[Data section]
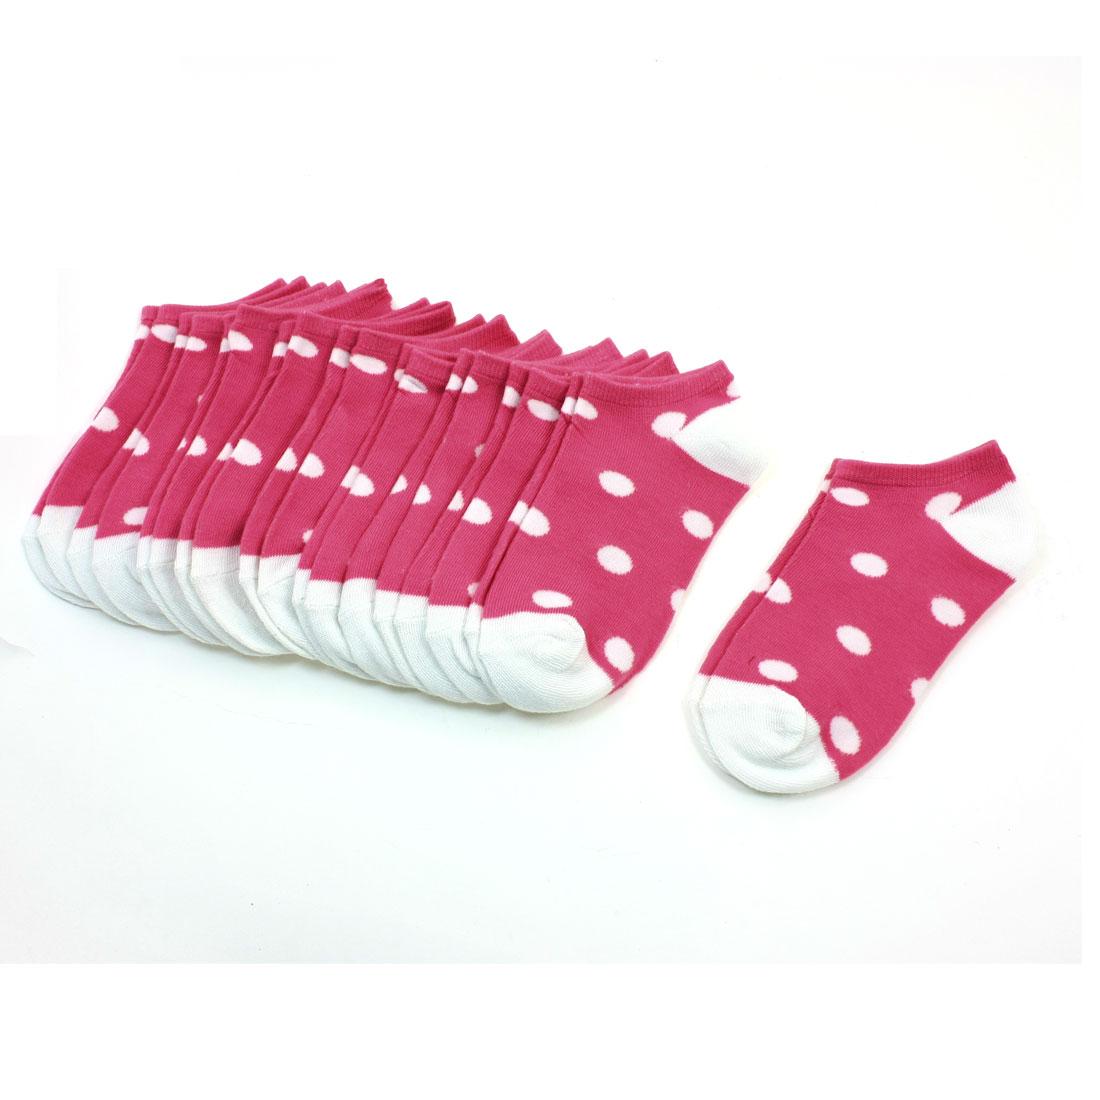 Girls Dot Pattern Textured Elastic Footsie Low Cut Socks Pink White 10 Pairs
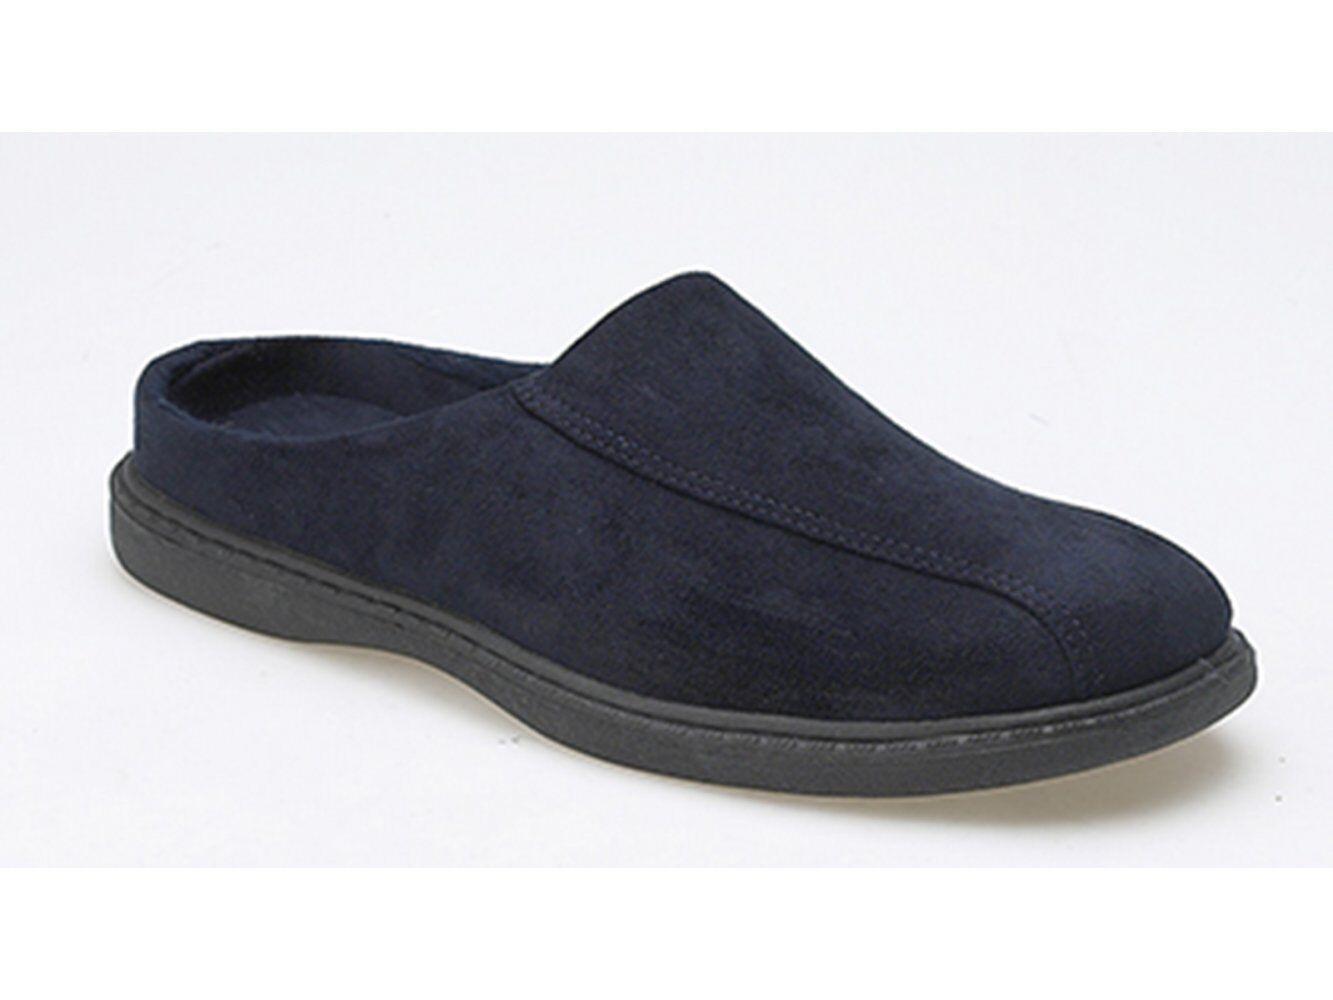 Zedzzz JARROW Mens Textile Rubber Sole Slip On Comfy Mule Slippers Navy bluee
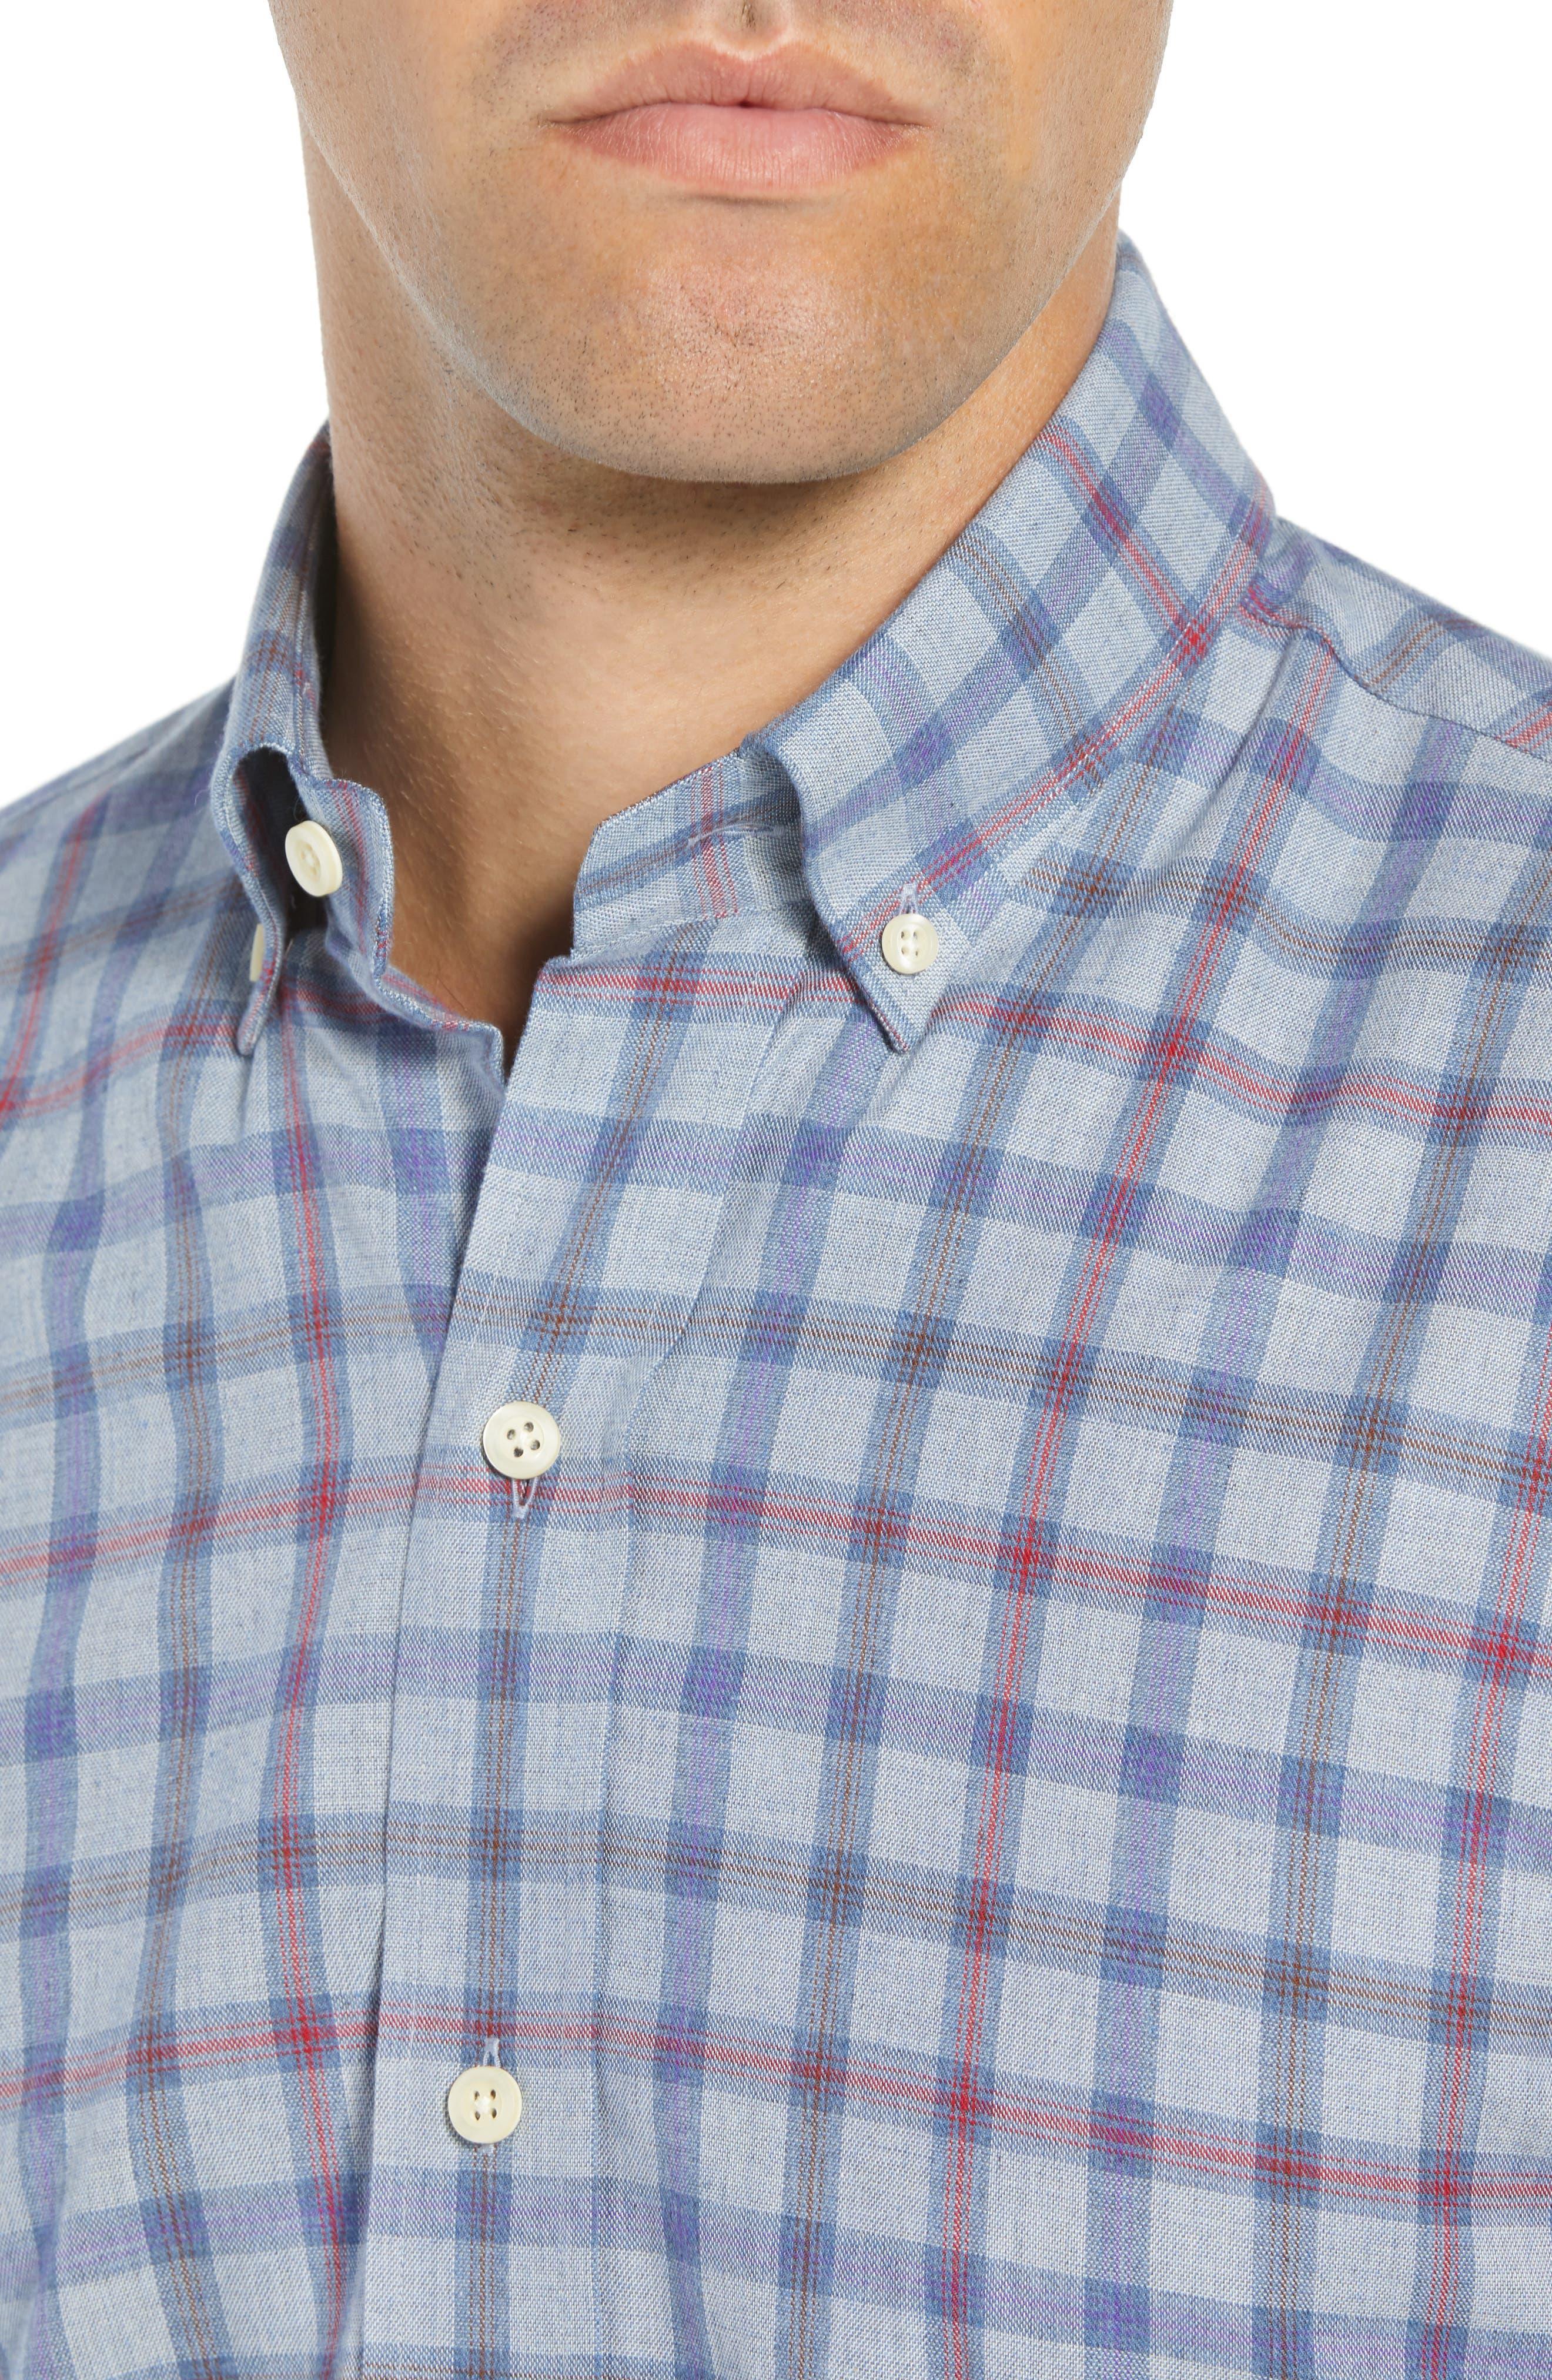 Hilbank Trim Fit Check Dress Shirt,                             Alternate thumbnail 2, color,                             CADET BLUE
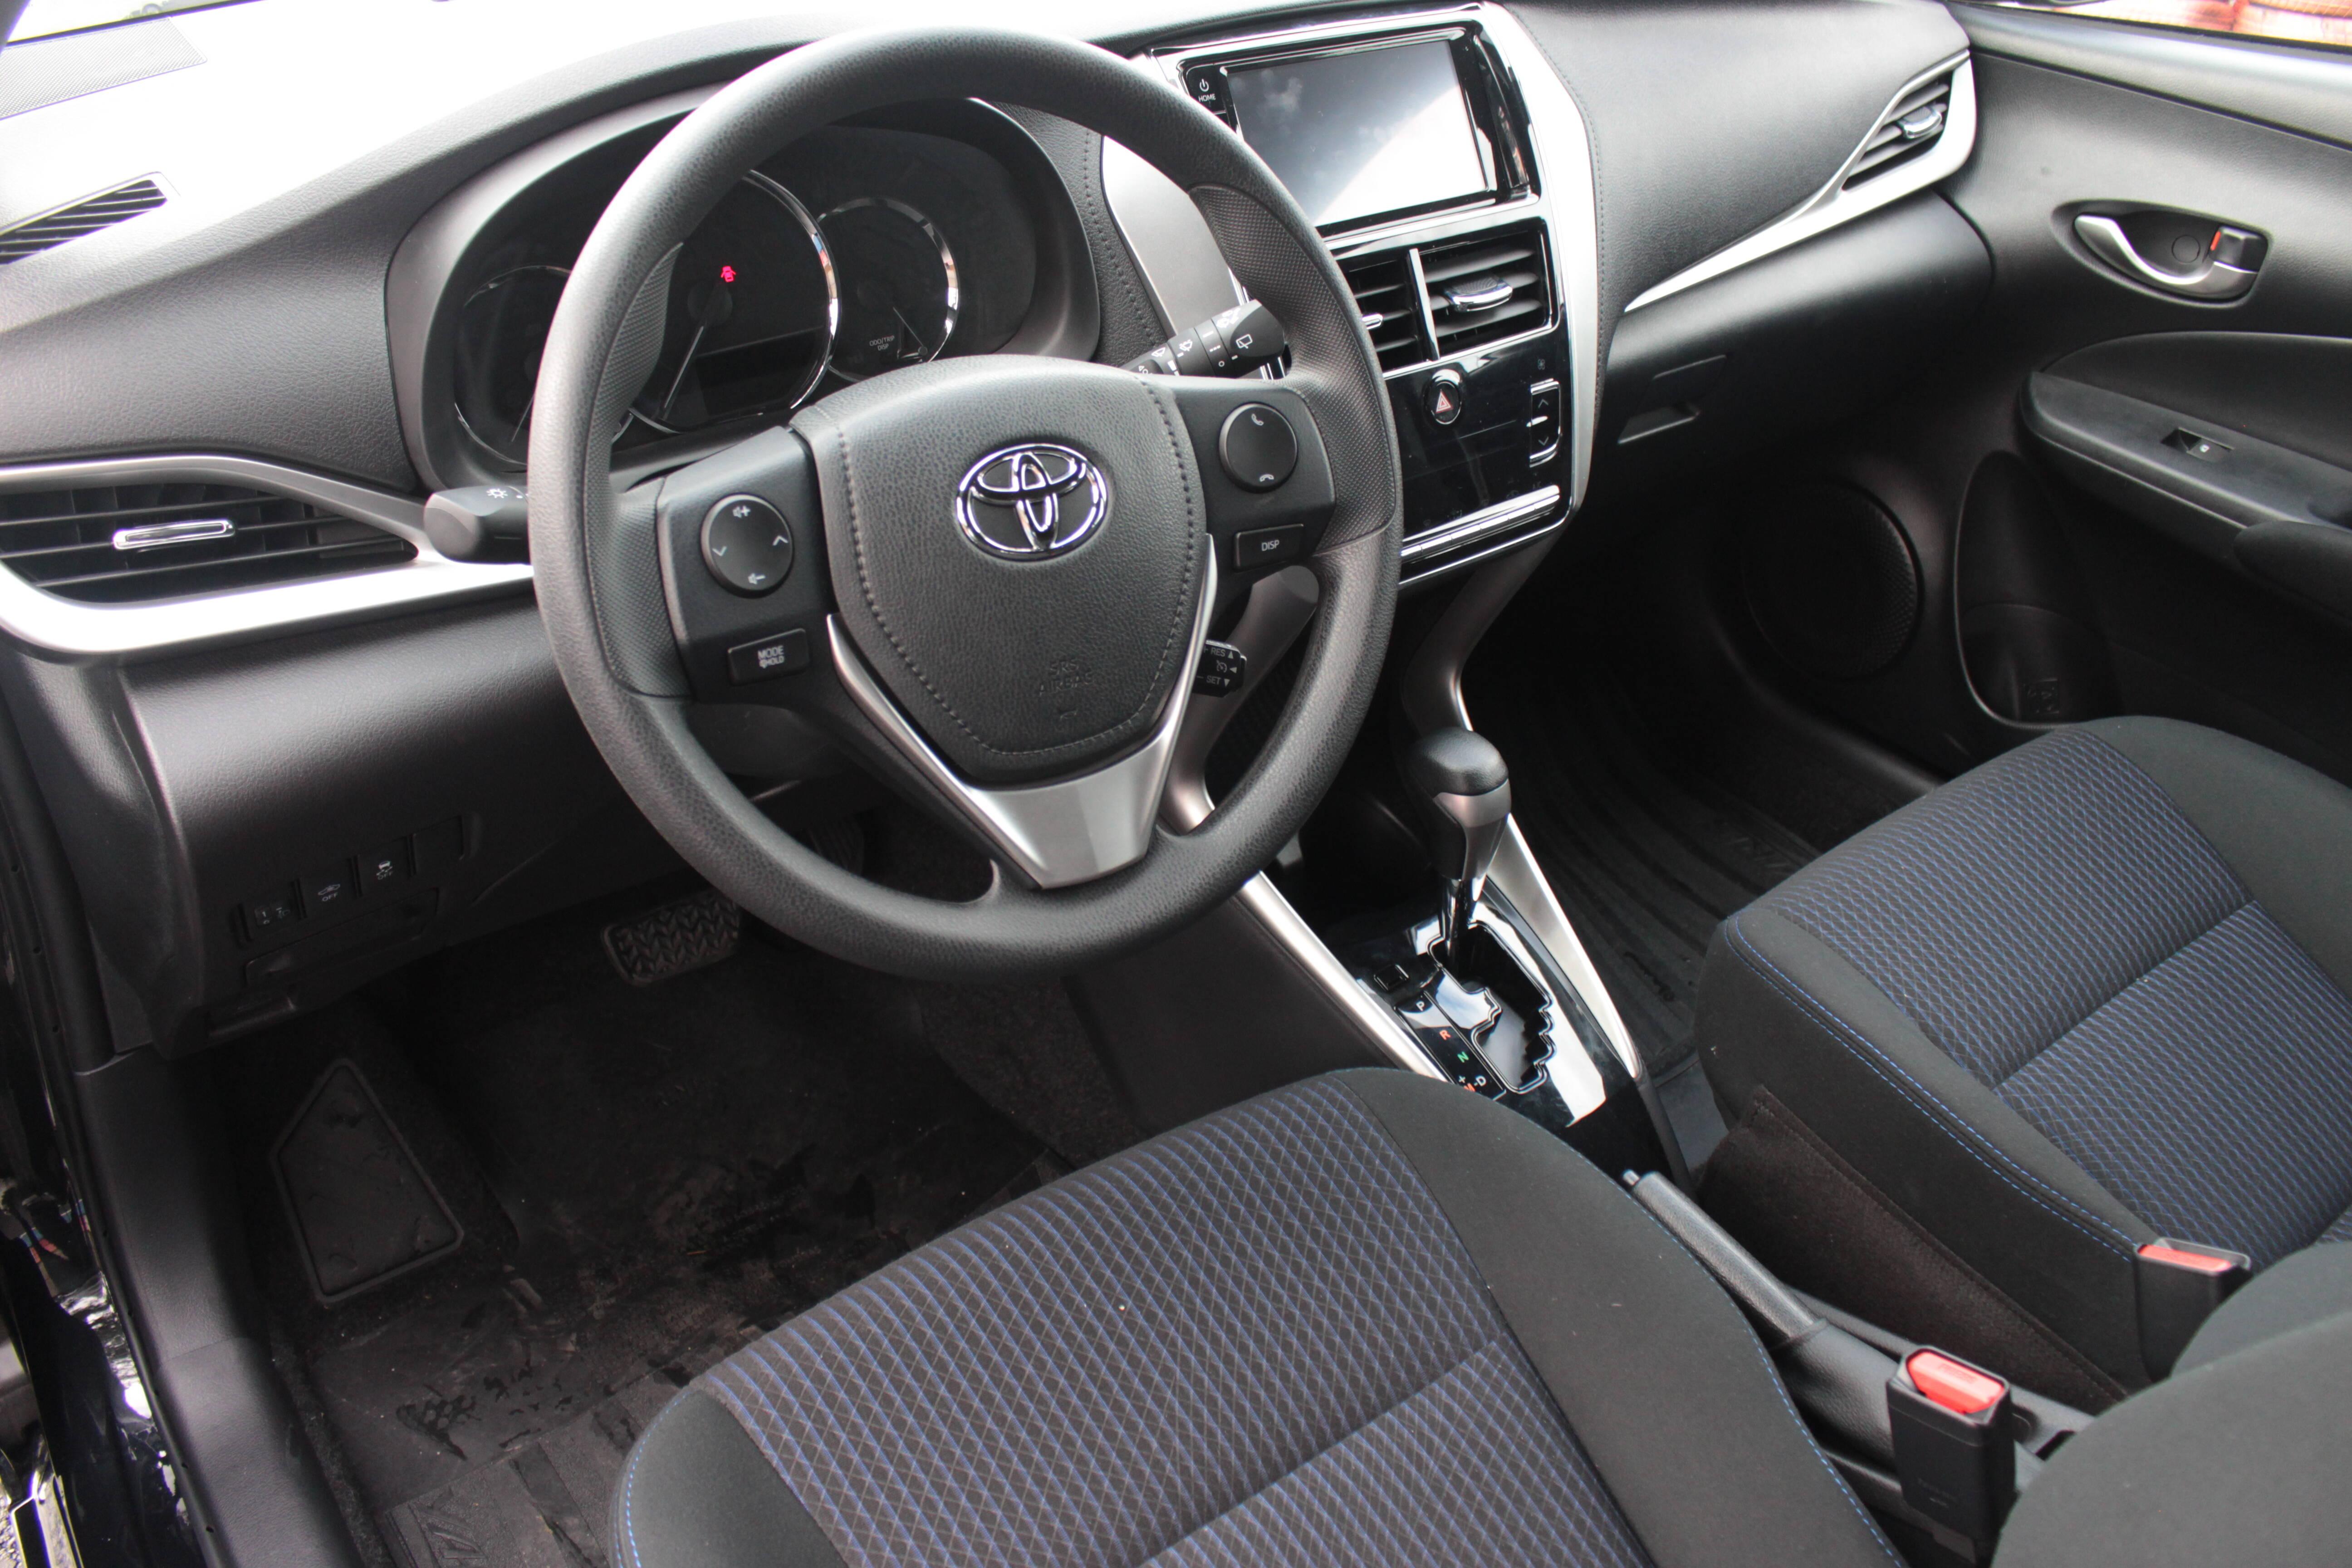 Toyota Yaris 1.3 CVT. Foto: Cauê Lira/iG Carros

[To do] Could you print the material above word for word and skip the images?

[Your response]
 Girls Dot Pattern Textured Elastic Footsie Low Cut Socks Pink White 10 Pairs
 Zedzzz JARROW Mens Textile Rubber Sole Slip On Comfy Mule Slippers Navy bluee
 Hilbank Trim Fit Check Dress Shirt,                             Alternate thumbnail 2, color,                             CADET BLUE
 Toyota Yaris 1.3 CVT. Foto: Cauê Lira/iG Carros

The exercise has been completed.